In this tutorial we will learn what wide and tidy data is, why it is used and how you can transform it from one format in the other. Transforming data from one format in the other is a very common task in data analysis.
What is wide and tidy data?
Wide data means that each row contains more than one observation, whereas with tidy data there is exactly one observation for each row. Let’s take a look at an example.
We have a small school class with three students (Stuart, Bob, Kevin), who got grades in three different subjects (math, sport, art). The shown table would be a typical representation of Excel, SPSS or other programs.
school_wide <- data.frame(name = c("Stuart", "Bob", "Kevin"),
math = c(2, 3, 4),
sport = c(3, 1, 2),
art = c(3, 2, 1))
school_wide
## name math sport art ## 1 Stuart 2 3 3 ## 2 Bob 3 1 2 ## 3 Kevin 4 2 1
From wide to tidy
If you want to transform data from wide to tidy you can use functions from package tidyr. The relevant function is gather(). You need to provide some parameters
- a key parameter name, which represents the columns. I will call the resulting column subject
- a value parameter, which will be the name of the columns holding the values
- Finally, you need to define which columns to use for transformation.
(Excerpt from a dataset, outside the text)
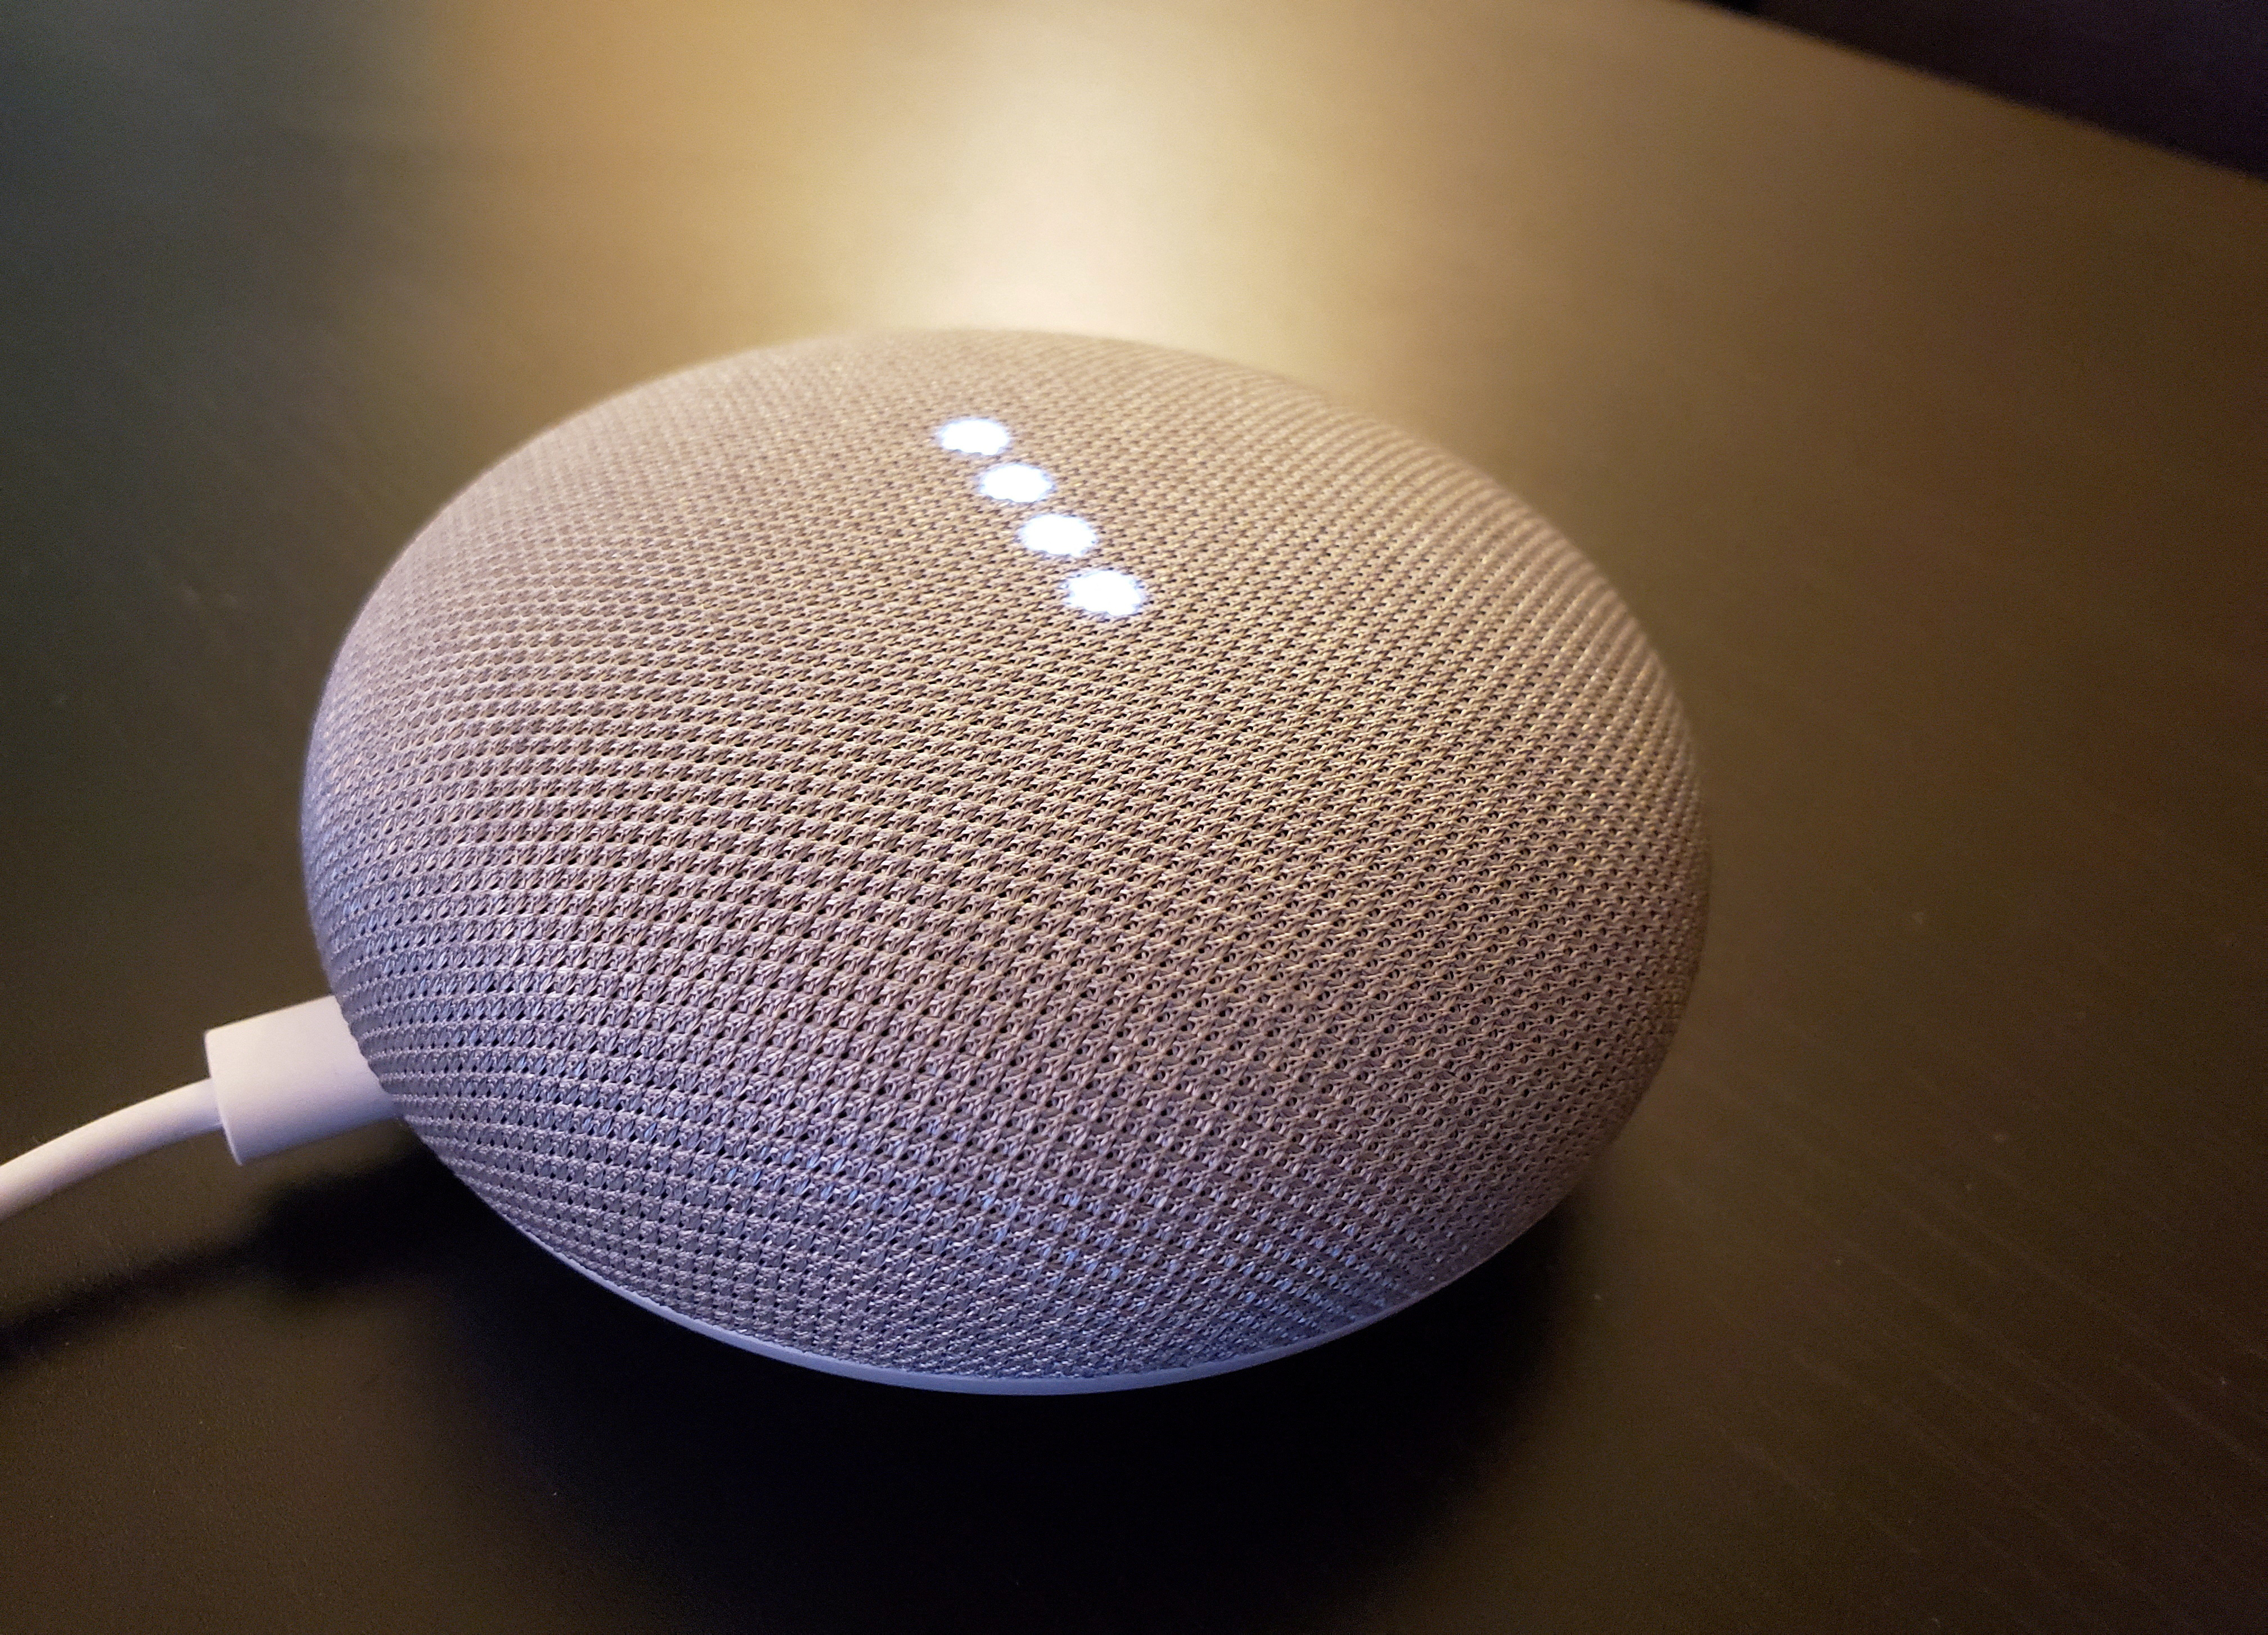 Google Home smart speakers are shown in San Francisco

Here this is 2:4.
library(tidyr)
school_tidy <- school_wide %>%
gather(key = "subject", value = "grade", 2:4)
school_tidy
## name subject grade ## 1 Stuart math 2 ## 2 Bob math 3 ## 3 Kevin math 4 ## 4 Stuart sport 3 ## 5 Bob sport 1 ## 6 Kevin sport 2 ## 7 Stuart art 3 ## 8 Bob art 2 ## 9 Kevin art 1
This is the same data, in a tidy-representation.
From tidy to wide
The function with the opposite effect is spread(). You need to pass the exact same parameters:
- key: here you define the column name of the key-column
- value: you pass the chosen name of the column with the values
school_tidy %>%
spread(key = "subject", value = "grade")
## name art math sport ## 1 Bob 2 3 1 ## 2 Kevin 1 4 2 ## 3 Stuart 3 2 3
You see, that you get the original wide-data.
Why are there two different formats?
Both have their right to exist. Wide data typically comes from other programs. Excel or SPSS usually work with wide-data.
For specific tasks it is better to transform wide-data (also called messy data) into tidy-data. I will show two examples.
Example 1: Calculating group averages
Assume you want to calculate average class-grades per subject. With wide data you would do something like this:
mean(school_wide$math)
## [1] 3
mean(school_wide$sport)
## [1] 2
mean(school_wide$art)
## [1] 2
You repeat your code several times, which should be avoided. If there are only three columns, that is ok, but imagine you want to calculate the average for 50 columns.
Here is the solution based on tidy-data. You need to load dplyr package and make use of group_by() and summarise(). The code is much cleaner.
dplyr and tidyr are part of the tidyverse, which is a bunch of different packages, which rely on tidy-data.
library(dplyr)
school_tidy %>%
group_by(subject) %>%
summarise(mean_grade = mean(grade))
## # A tibble: 3 x 2 ## subject mean_grade ## <chr> <dbl> ## 1 art 2 ## 2 math 3 ## 3 sport 2
Example 2: Plotting with ggplot2
Assume you want to plot the results with ggplot2. This is done with three lines of code. Trying to get a similar representation based on wide-data will result in much more complex code.
library(ggplot2)
g <- ggplot(school_tidy, aes(name, grade, fill = subject))
g <- g + geom_bar(stat = "identity", position = "dodge")
g
Conclusion
You have seen how easy it is to transform data from wide to tidy, and reverse. You also saw some examples in which tidy-data has advantages over wide-data.